The disappearance of dozens of firearms issued to the Durban metro police department has blown wide open the haphazard management of arms and ammunition by municipal police services.
State-issued firearms have been used in robberies and hijackings in Durban and surrounds, fuelling fears that criminals are buying guns from corrupt police officers. More than a hundred police guns may have entered the pool of illegal firearms in the area.
Already, two service pistols and one LM-5 assault rifle belonging to the Durban municipal police inner-west dog unit are the subject of two separate cases of robbery and hijacking.
The rifle recovered on the scene of a hijacking in January last year is being investigated by Chatsworth police. The two service pistols are listed as issued to constables Thembinkosi Mthethwa and S’thembiso Zimu, who reported them stolen after armed gangs on Durban’s western freeway hijacked the pair in July 2003.

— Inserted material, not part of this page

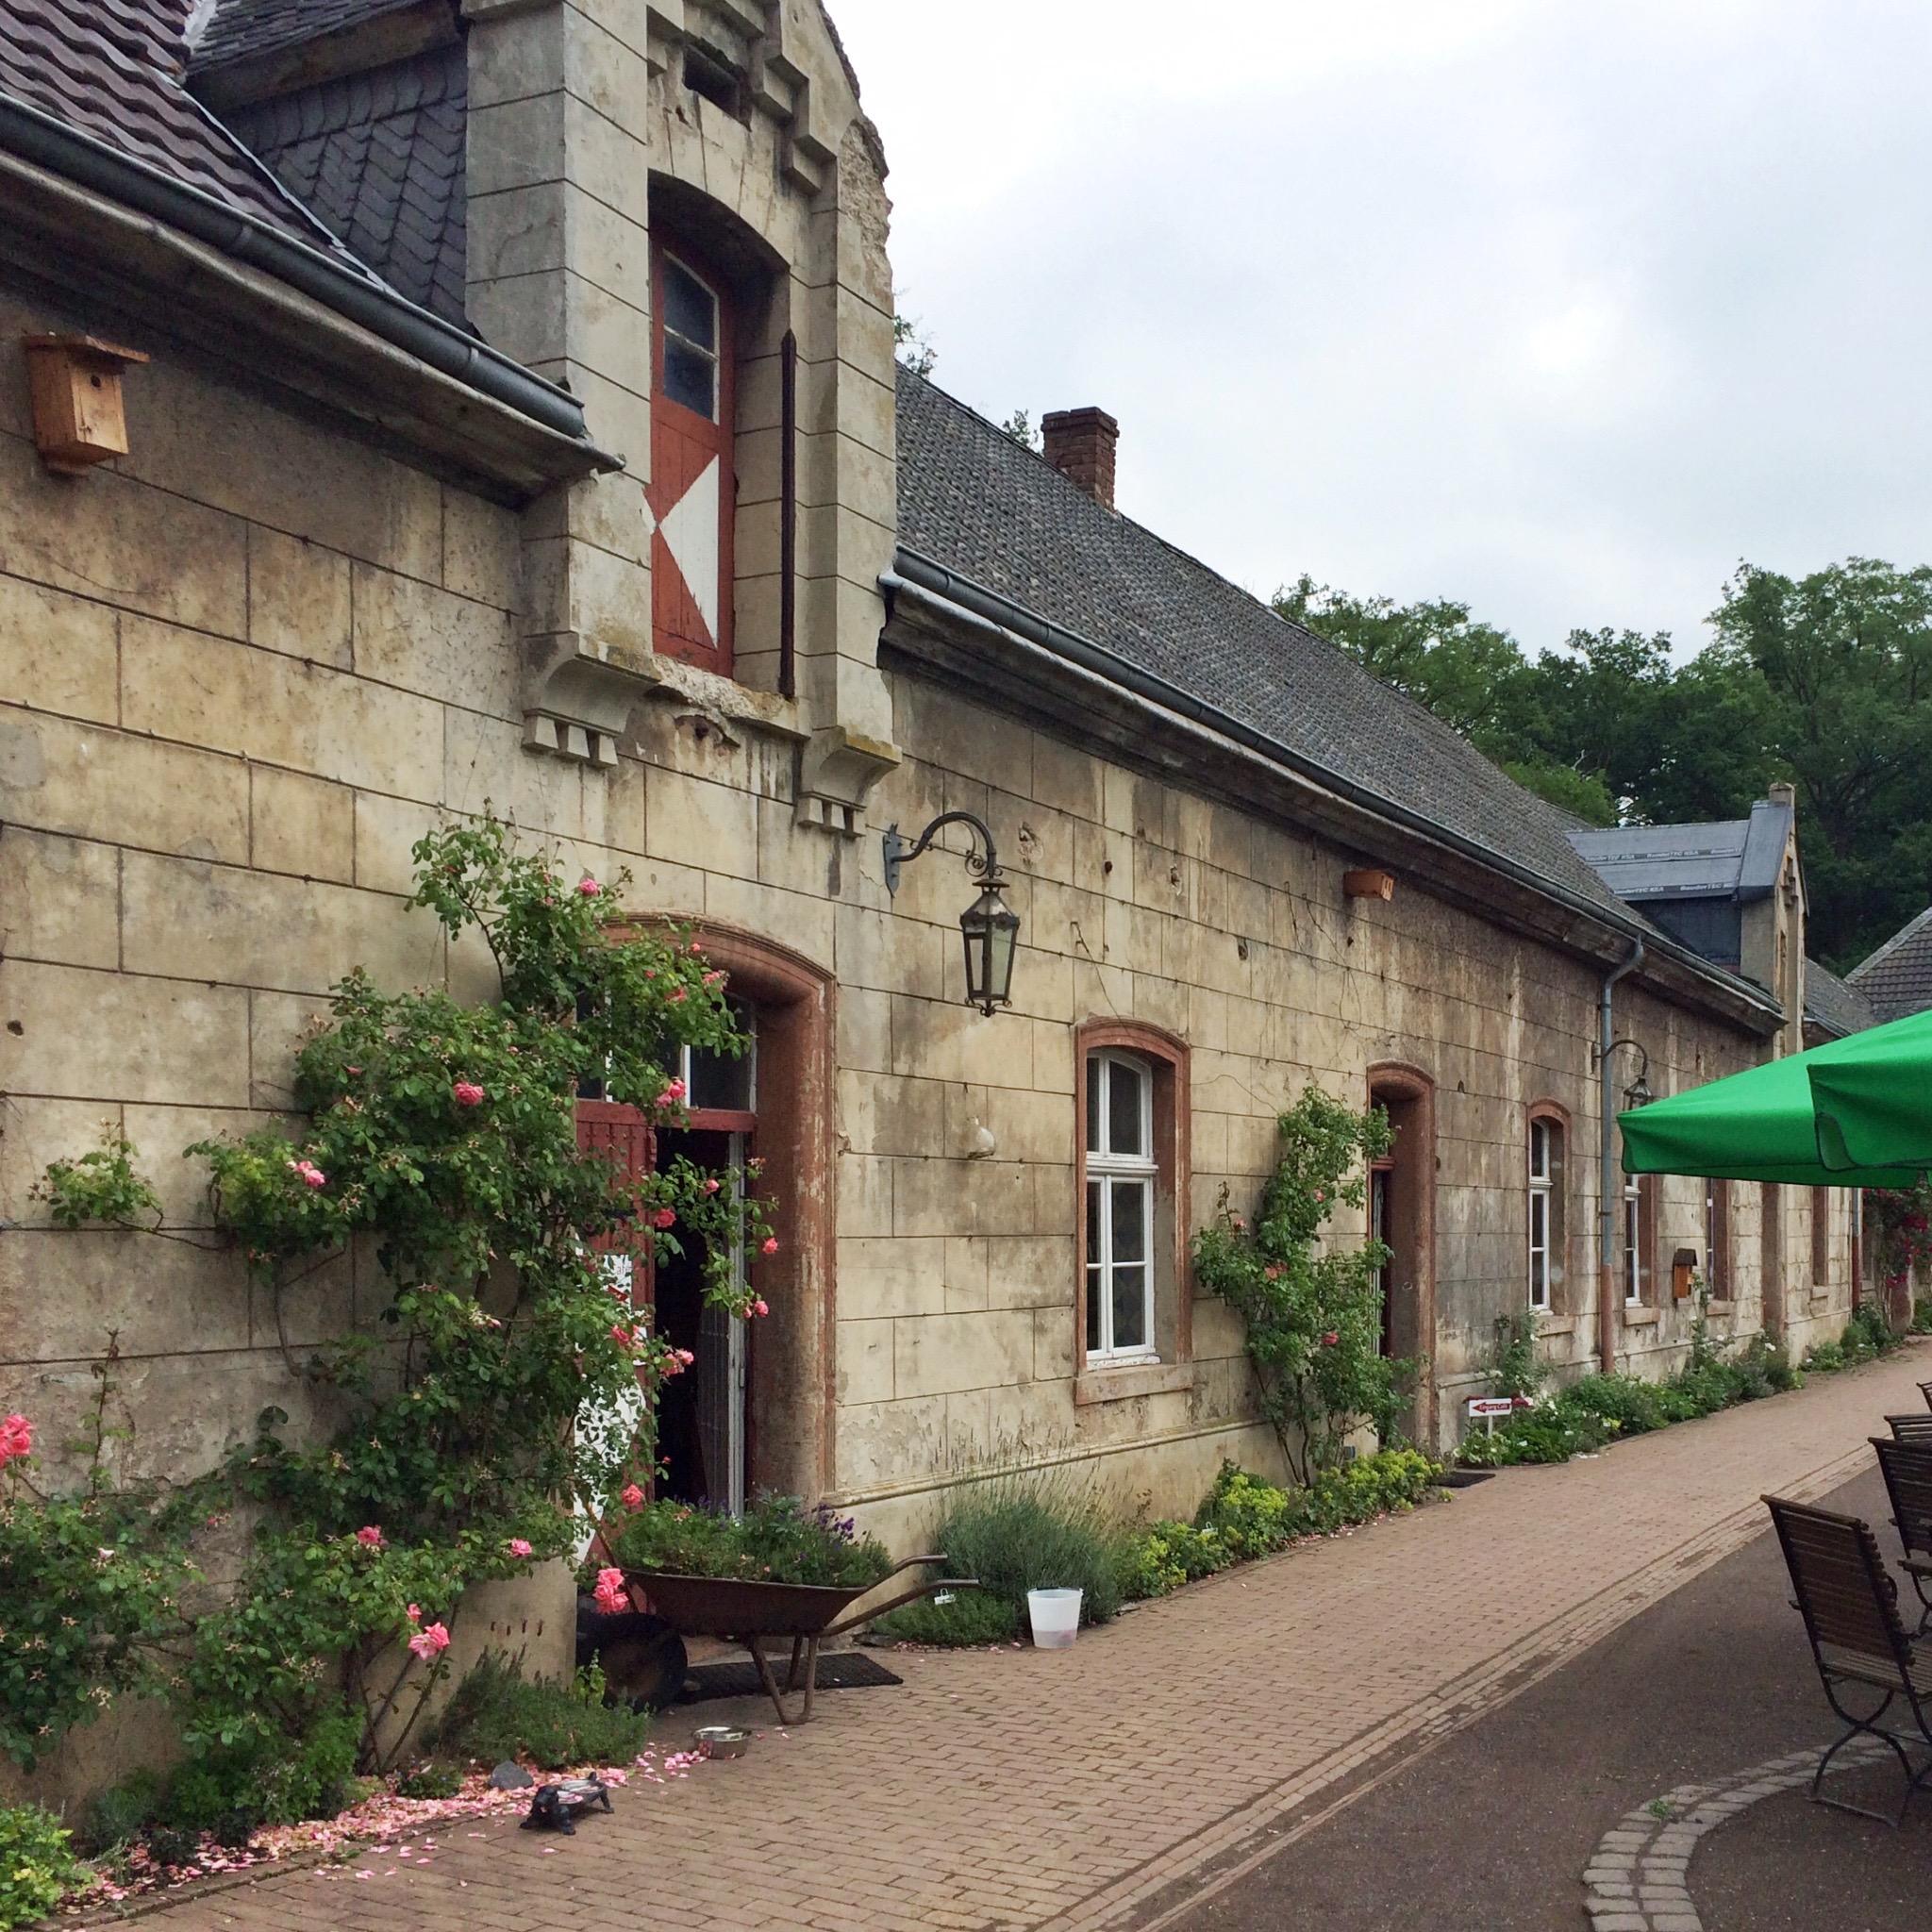 Café Schloss Türnich, Schlosstraße, Schloss Türnich in Türnich/ Kerpen.

A month later, in a gun battle with hijackers outside Durban, metro police constable Cherise Cox was shot in the stomach by one of the guns reported stolen by Mthethwa and Zimu. The second police service pistol was found at one of the suspect’s homes.
The investigating officer, Bruce McIness, said one of the suspects had stated in an affidavit that his co-criminal — who was killed in the shootout — told him that he bought the two 9mm pistols from two metro police officers.

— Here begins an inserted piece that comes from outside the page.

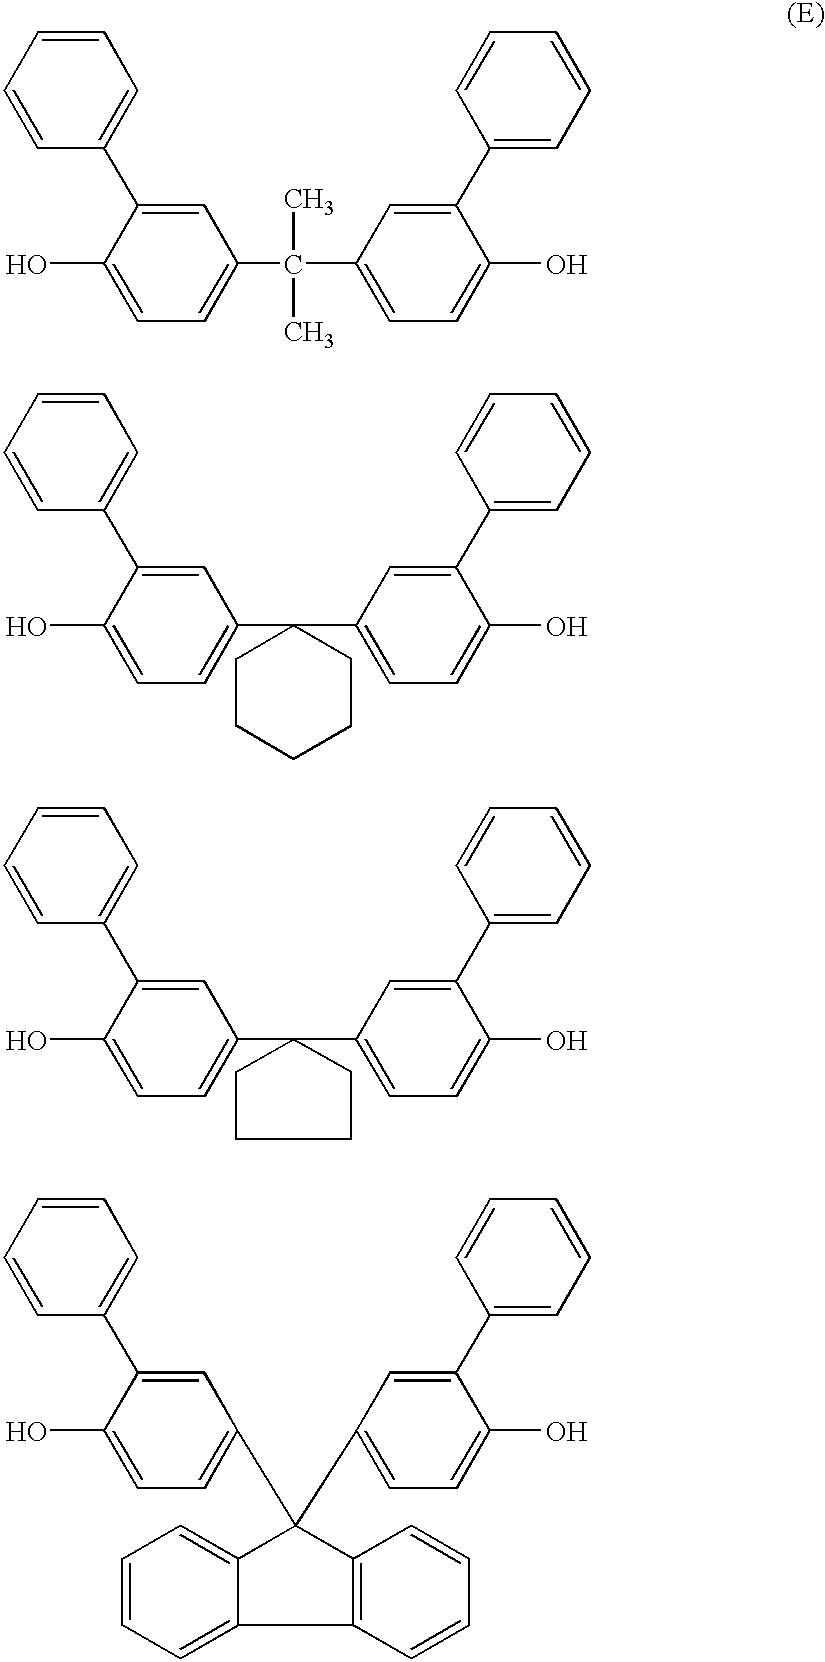 Figure US20030060591A1-20030327-C00007

This has fuelled calls for a thorough inquiry into the Cox shooting and an audit of the exact number of missing firearms.

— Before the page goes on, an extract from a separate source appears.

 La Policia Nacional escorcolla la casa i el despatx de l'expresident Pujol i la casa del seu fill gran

A 2000 audit found that 133 of the more than 1 600 firearms issued to the 2000-strong Metro police force were missing. In 2003, metro police armourer Warren Burgess told the council 128 guns could not be accounted for.
This week, eThekwini municipal manager Mike Sutcliffe told the city’s executive committee that a probe he had conducted found that the pistol used to shoot Cox had indeed belonged to a metro police office, but had not necessarily been sold to criminals. He said he would report on his investigation and that metro police weapons would be subject to a further audit once a probe by the Independent Complaints Directorate was completed.
The Durban council gagged opposition parties to stop them from commenting publicly on the scandal, and barred the media from exco meetings discussing the missing firearms.
Sutcliffe has threatened newspapers and journalists with lawsuits, arguing that the municipality had been brought into disrepute by “irresponsible reporting”.
In his report, Sutcliffe accused police investigator McInnes of causing “great harm … to both Mthethwa and Zimu, and indeed to Cox, who believed to this day that she could have been shot with guns sold to criminals by her colleagues”.
Three years after the shooting Cox is still gravely ill in Addington Hospital. Complications resulting from her wound have made it impossible for her to return to the force.
John Steenhuisen, caucus leader of the opposition Democratic Alliance, said his party had been “vindicated by the report, which detailed problems in the management of the Durban metro police”.
Meanwhile, at least 19 firearms have been listed as missing from various departments of the Cape Town metro council. Mayor Helen Zille ordered an urgent audit in April after finding that state-issued guns, bulletproof vests and other equipment were unaccounted for.
At the time, the municipality’s corporate support management department could not account for seven firearms, while the department of health reported eight missing.